Meanwhile, Micron's memory chips help the AI accelerators designed by Nvidia and other chipmakers to perform up to their full potential. As a result, Micron has been overwhelmed by strong memory demand, leading to red-hot revenue and earnings growth. However, I believe another stock has the potential to outperform both Nvidia and Micron, given its key role in the AI infrastructure ecosystem -- Dell Technologies (NYSE: DELL).
Let's look at the reasons why this tech giant could be the biggest winner of the AI data center boom this year.

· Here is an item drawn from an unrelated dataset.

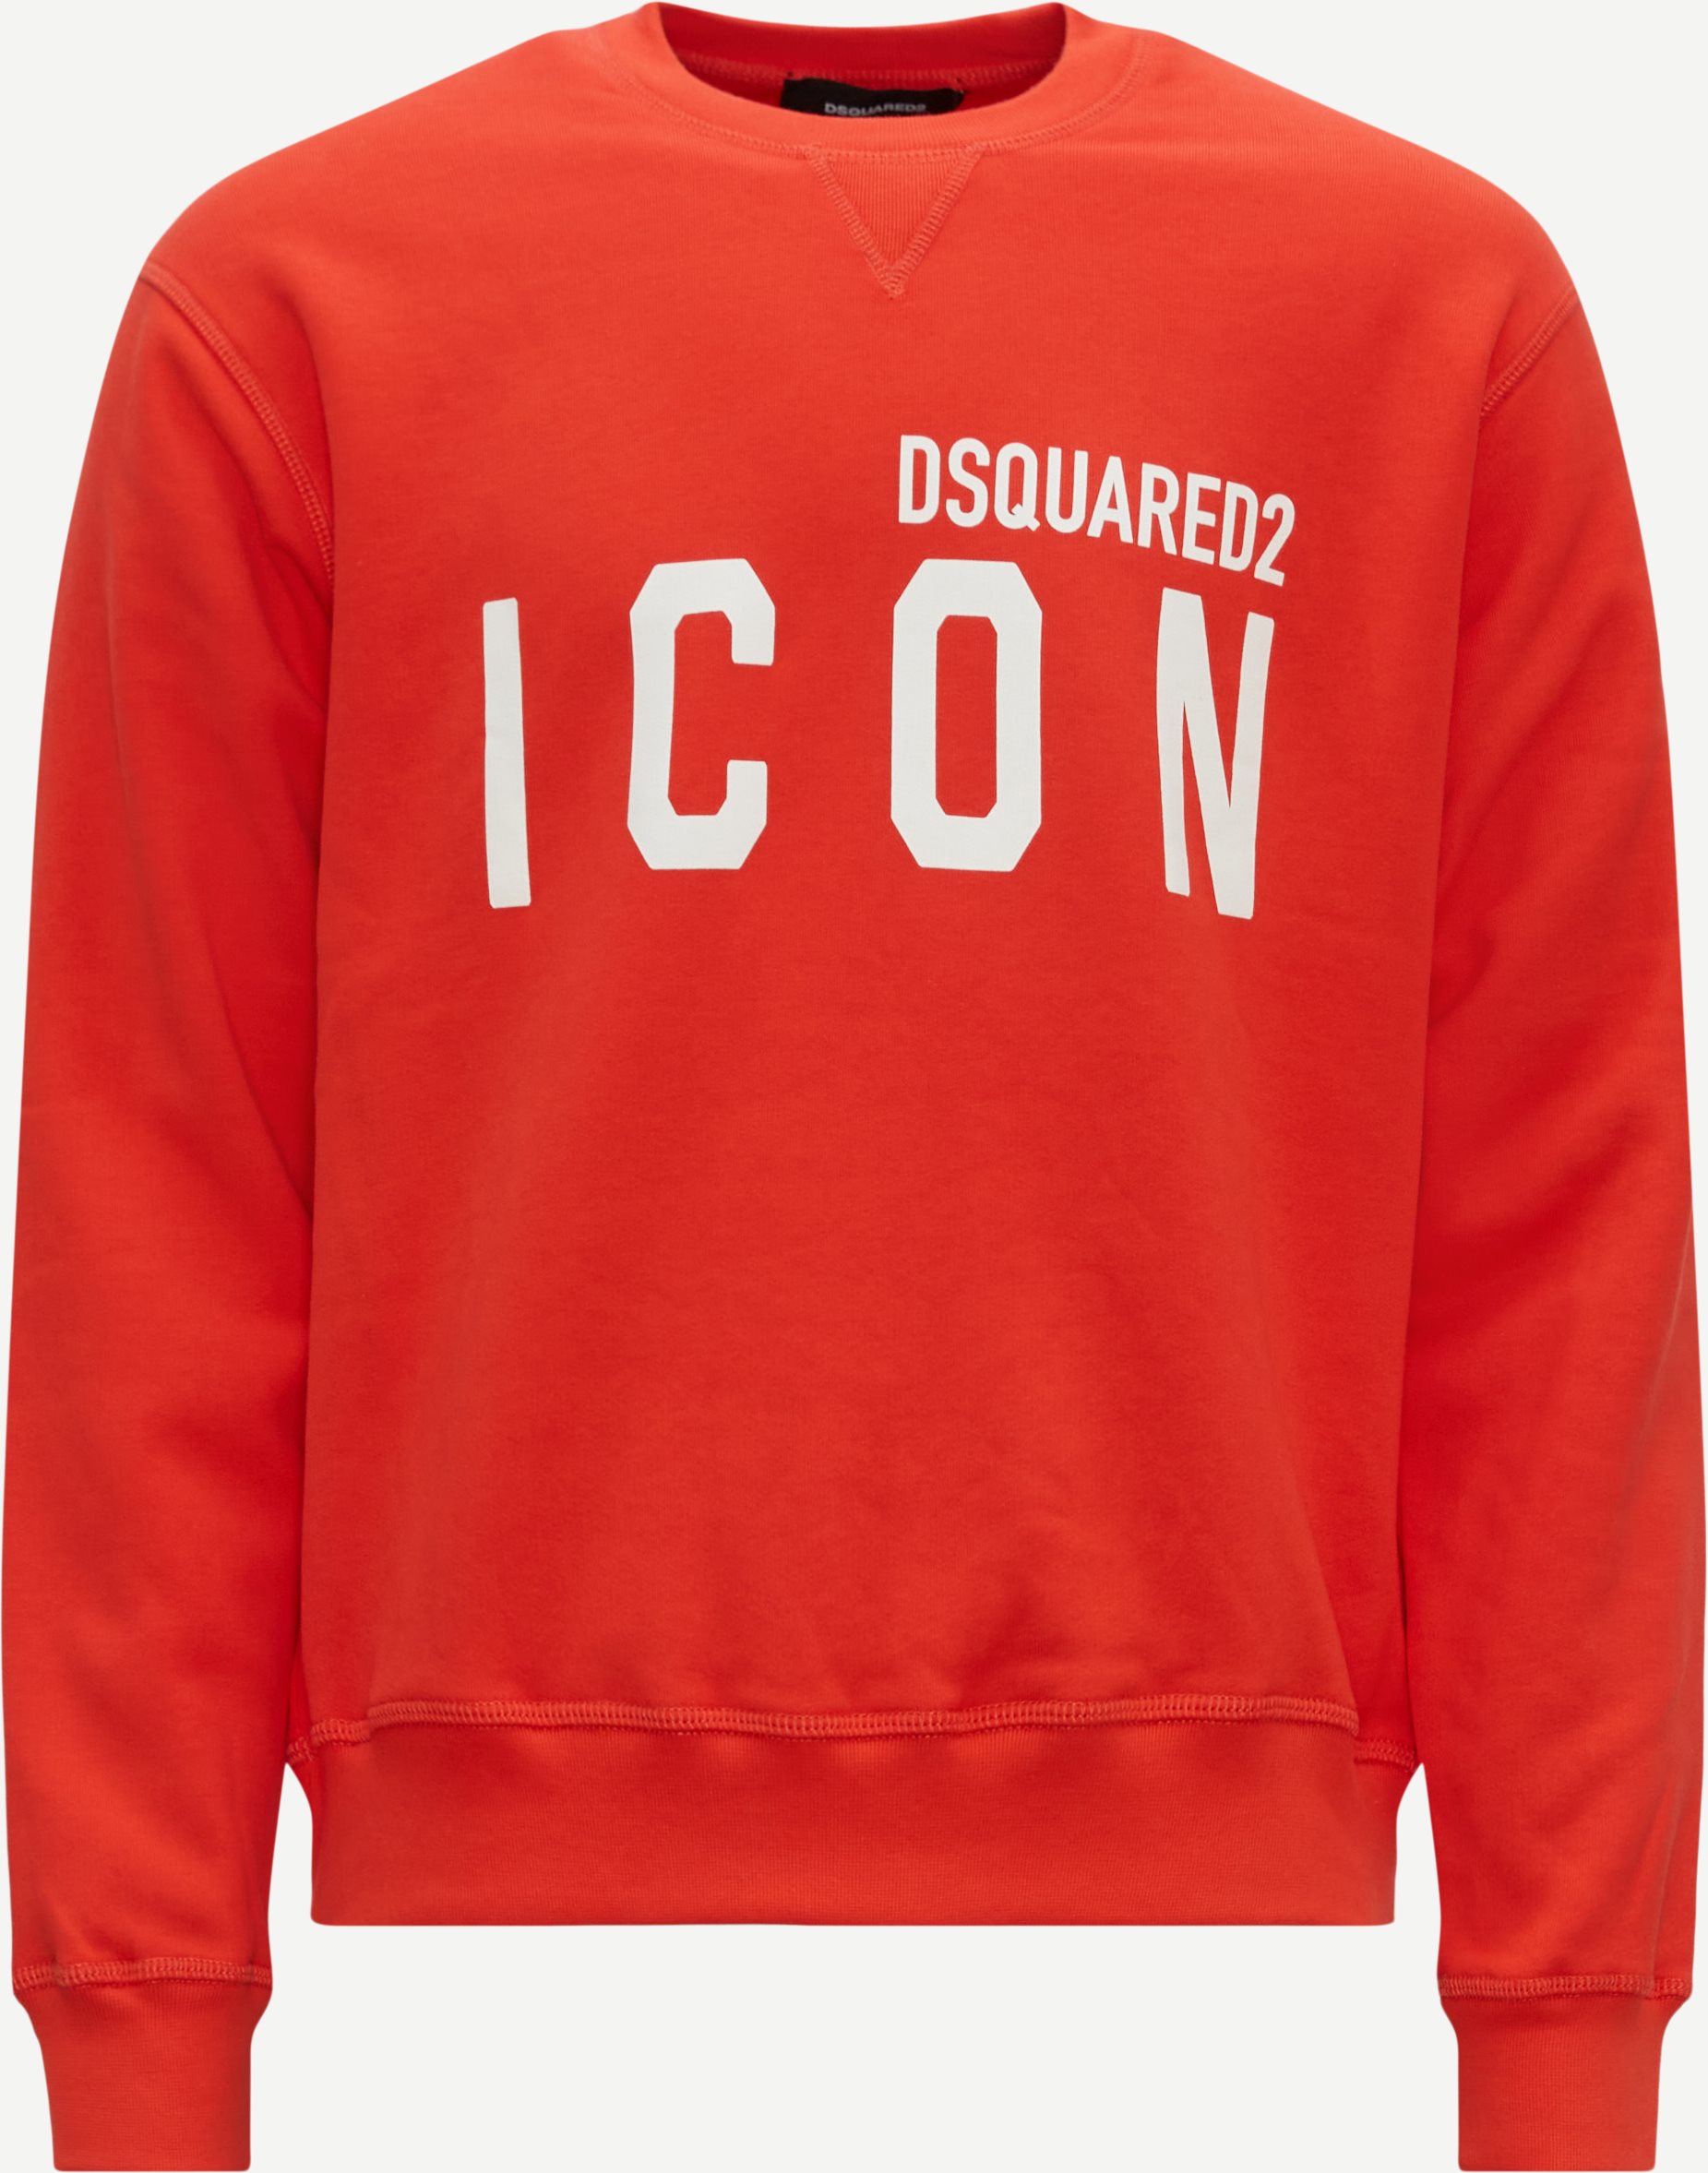 Dsquared2 Sweatshirts S79GU004 S25516 CREW Red

Image source: The Motley Fool.
Dell released fiscal 2027 first-quarter results (for the three months ended May 1) on May 28. The stock shot up by 33% the following day. Dell's revenue rose by a whopping 88% year over year to a record $43.8 billion, significantly above the $35.5 billion consensus estimate.
Its non-GAAP earnings also rose to a record $4.86 per share, up by 214% from the year-ago period. Analysts would have settled for just $2.99 in earnings per share. It is worth noting that Dell's revenue and earnings outpaced Nvidia's growth last quarter. The AI chip giant had reported an 85% year-over-year increase in revenue and a 140% jump in earnings in the first quarter of fiscal 2027 (which ended on April 26).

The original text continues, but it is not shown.